Gutiérrez, like many in Juárez, is herself a migrant. She arrived in the city from a rural community in 1992, and worked for years in the maquilas before starting university. She has been involved in activism for decades, accompanying mothers of women who have been killed or disappeared, and working with migrants in the city. Her political clarity and commitment have been sharpened in the streets of one of the most hostile cities in the Americas.
“With his words and his gestures, the president eliminates our political agency, as women, by saying we’re pawns of someone else,” said Gutiérrez.

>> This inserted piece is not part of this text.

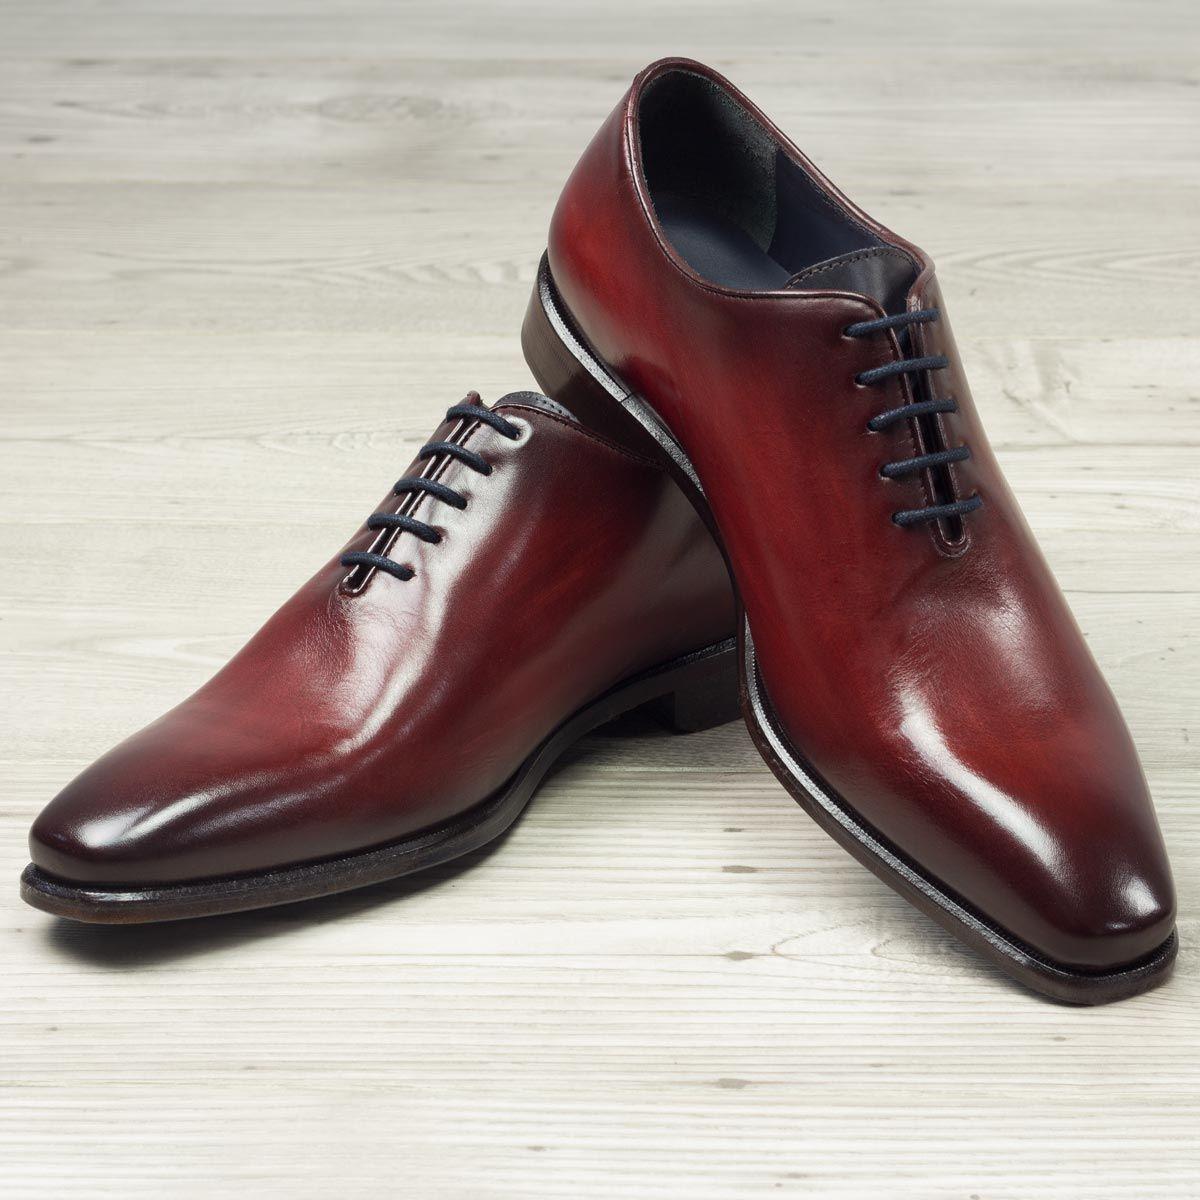 wholecut london nigeria southafrica shoes premium wedding shoe

Following the confrontation with the president on the last day of March, activists and migrants in Juárez organized a series of vigils, a Way of the Cross procession and other political actions to demand justice and remember the 40 people killed in the detention center.

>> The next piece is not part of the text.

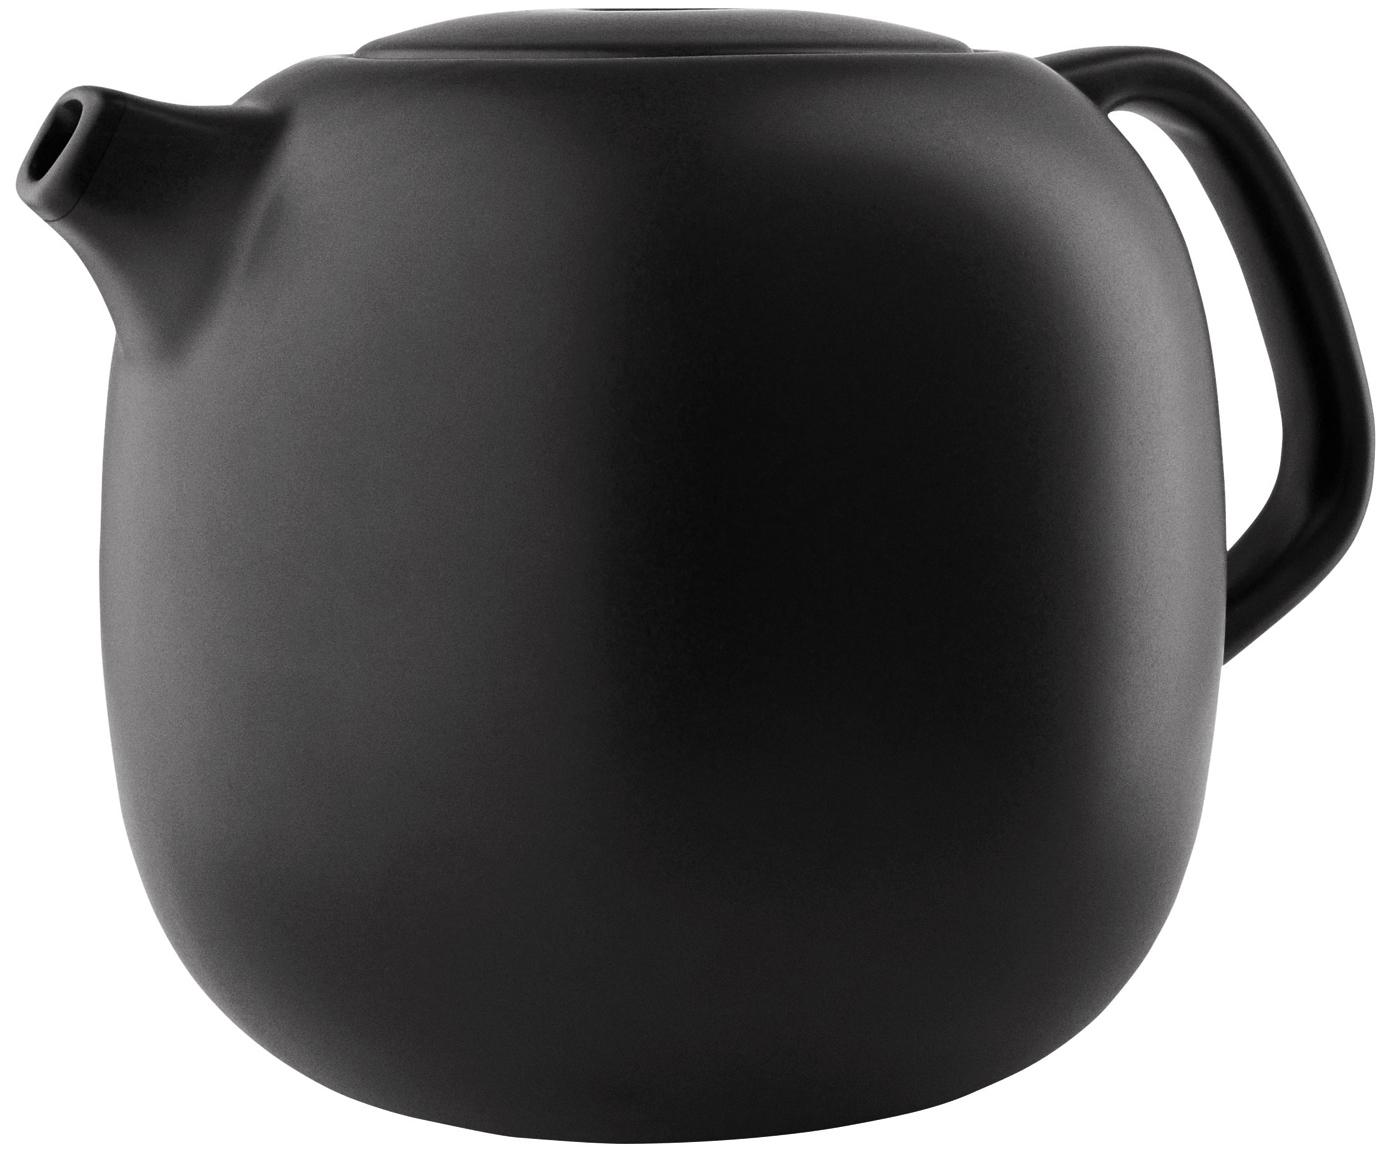 Teiera color nero opaco Nordic Kitchen, Nero opaco, 1 l

In the face of xenophobia, direct action
The shutting down of the US border for people seeking asylum began before the pandemic, and it led to the streets of Juárez filling with people who are migrating being increasingly stuck on the Mexico side of the border. The first to be exposed to this system were from Central America and Haiti. More recently, since Title 42 was expanded, there are many Venezuelans.
Cruz Pérez Cuéllar, the mayor of Juárez, who was a PAN activist before joining the Morena Party, has been accused of promoting xenophobia against migrants. Two weeks before the fire, Pérez Cuéllar said that, with respect to migrants in the city, “The truth is that our level of patience is running out.”
Pérez Cuéllar is in charge of the municipal police, who have an increasing role in policing migration. Well before the fire there had been accusations of violent raids and harassment against women migrants.
“The police, be they municipal, or state level, can put [a migrant] in jail just for being in the street or for getting on a bus, that’s been the policy since López Obrador took office,” said Graciela Delgado Ramírez, an activist in the city. “Here there’s a wall, but it’s not like Trump’s wall. Here the wall is made up of people, where the National Guard, the police, and the bus stations won’t let anyone through.”
Delgado Ramírez is 63 years old and has been fighting for social justice in Ciudad Juárez for decades. She told me the mood in Juárez is different from what it was like prior to the arrival of thousands of migrants.
“The mayor and his team have taken it upon themselves to create an environment of xenophobia, which hasn’t always existed here,” she said in an interview with Ojalá. “People, especially on social media, are expressing a lot of hate against the people who are on the bridges, or elsewhere… Even so, there’s many people who have responded with solidarity.”
In the last weeks, migrants in Juárez have occupied two abandoned buildings, cleaning and organizing them to host those arriving to the city, so they don’t need to be in the streets.
“They are in a very vulnerable and difficult situation, where it might seem like it’s only possible to think of one’s self, and they’ve taken over two spaces,” said Gutiérrez. “That represents an incredible level of organization, and that, to me, is political.”